I woke up this morning to a thunderstorm. I actually find thunderstorms out east pretty comforting. They don’t have the same fury that they do in the midwest, like they’re trying to tear the sky open and sweep you away with sheets of rain. Here in New England, it’s more like seeing a gaggle of old people on Harleys. It’s loud, but you know no one’s going to be splitting lanes or popping wheelies in front of you. A bit like our mountains, most of the sharp edges are missing. Anyway it’s been a minute since I’ve updated yinz, so let me jump right in and say the news is mixed. I had my first check-in CT scan to see if my chemo was doing what it was supposed to. CT scans are surprisingly quick and easy compared to pet scans. Just a few quick back and forths and then they microwave your insides for a few seconds. I’ve never had more sympathy for instant noodles. The results were less fun. The Folfox (my first chemo “line,” or cocktail) was shrinking the large tumors in my liver and the original culprit by my stomach/esophagus* but nodes in my lungs and peritoneum appeared to still be growing. Thankfully, folfox is far from the only treatment option, and we’ve pivoted to a drug regimen involving either docetaxel or paclitaxel, (they started me on one and switched me to the other for my second infusion, but they are functionally the same. This is the upper limit of my knowledge, I rely on my big-brained wife to spell them correctly.) I am also still on Nivolumab immunotherapy, which has been part of my treatment from the start.

 

What I can tell you with certainty is that the side effects and treatment schedule are different. So first the bad news: my beard started falling out really quickly. Great news for local birds who may be nesting, but startling for my wife, who is also nesting more these days, but had never seen my chin before. Upon its reveal, she determined that I’m still as beautiful as a dun mare. The hair on top of my head seems to be following at a slower, but still accelerated pace. I’m looking forward to wig shopping though, so that’s all right. There is some loss of taste with this treatment, but nothing too wild yet. It’s probably ok that my eating is less wild, I was up 5 pounds at my last weigh in, which is generally a good thing at this stage.

 

I’m also having mild mouth sores and dry lips, but saline rinses and lip balm are doing their sacred duties there. The good news is my neuropathy is totally gone, just in time for warm weather anyway, but at least now I can hold a milkshake without discomfort. My swallowing seems unaffected and my fatigue seems to be largely the same; present but not crippling. 

 

Also, my treatments on this line are more infrequent. I’m on an every-three-week infusion schedule instead of every-two. That’s actually pretty nice, apart from the immediate chaos that change causes in my schedule. (The medical staff does not always signpost the information most relevant to civilians, such as “which days is this happening on now?”) The best part of this new cocktail though is that I don’t have to take home a pump. Which means no follow up visits to be detubed, and no need for a hazmat kit at my house anymore. Amy and I had a really spectacular passover in Washington DC which I’m planning on writing a separate post for. Suffice it to say it was very much the good vanilla. 

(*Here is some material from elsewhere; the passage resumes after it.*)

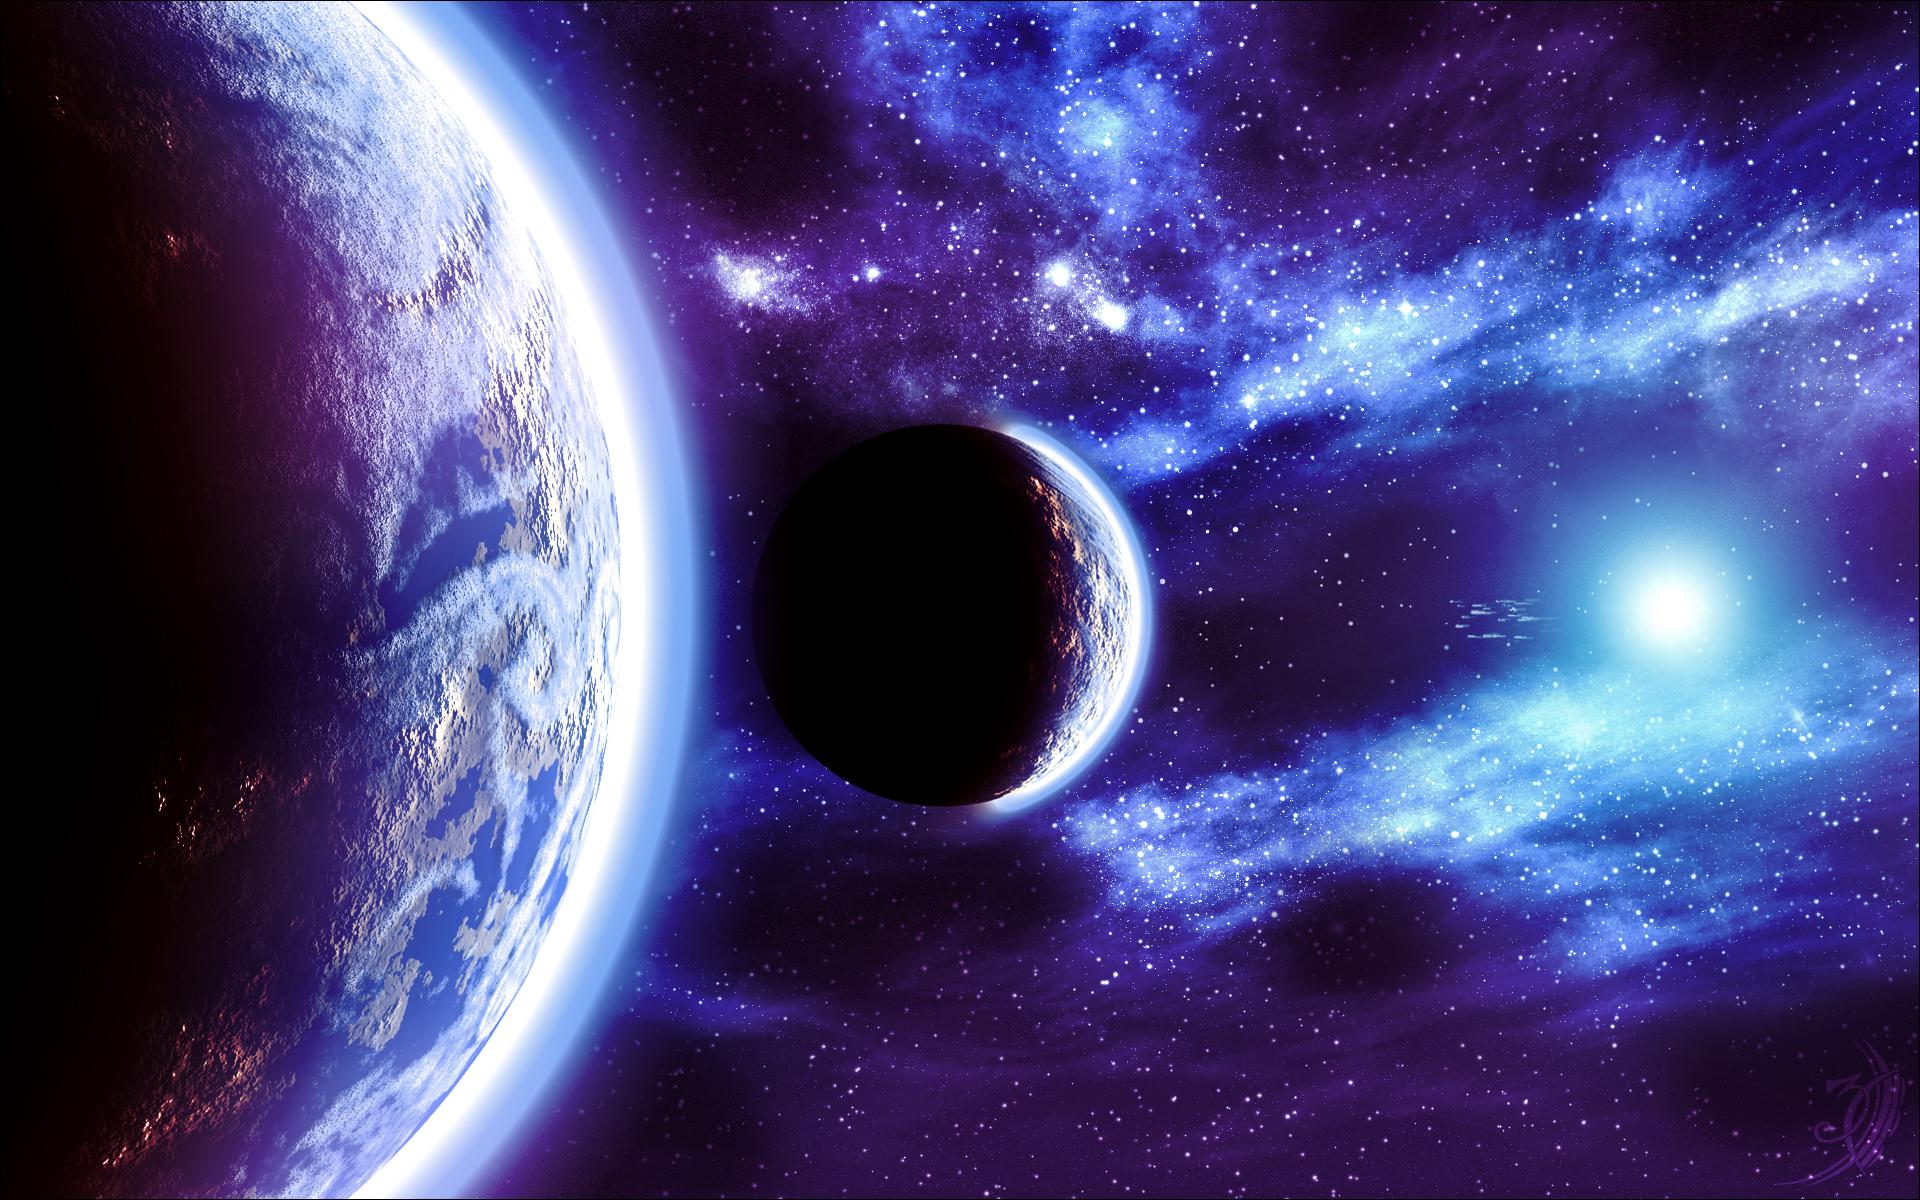 Tapety: Kosmos - Planety

Small miracles, but they still feel big, like our thunderstorms. 

 

Until next time, stay gorgeous like a horse is. Love from new england.

 

*it’s actually quite difficult to say with clinical certainty that esophageal tumors are growing or shrinking due to the exceedingly floppy foldy and stretchy nature of the stomach and esophagus, but I’m told that the ability to continue to swallow is a good sign. I personally find it extremely convenient.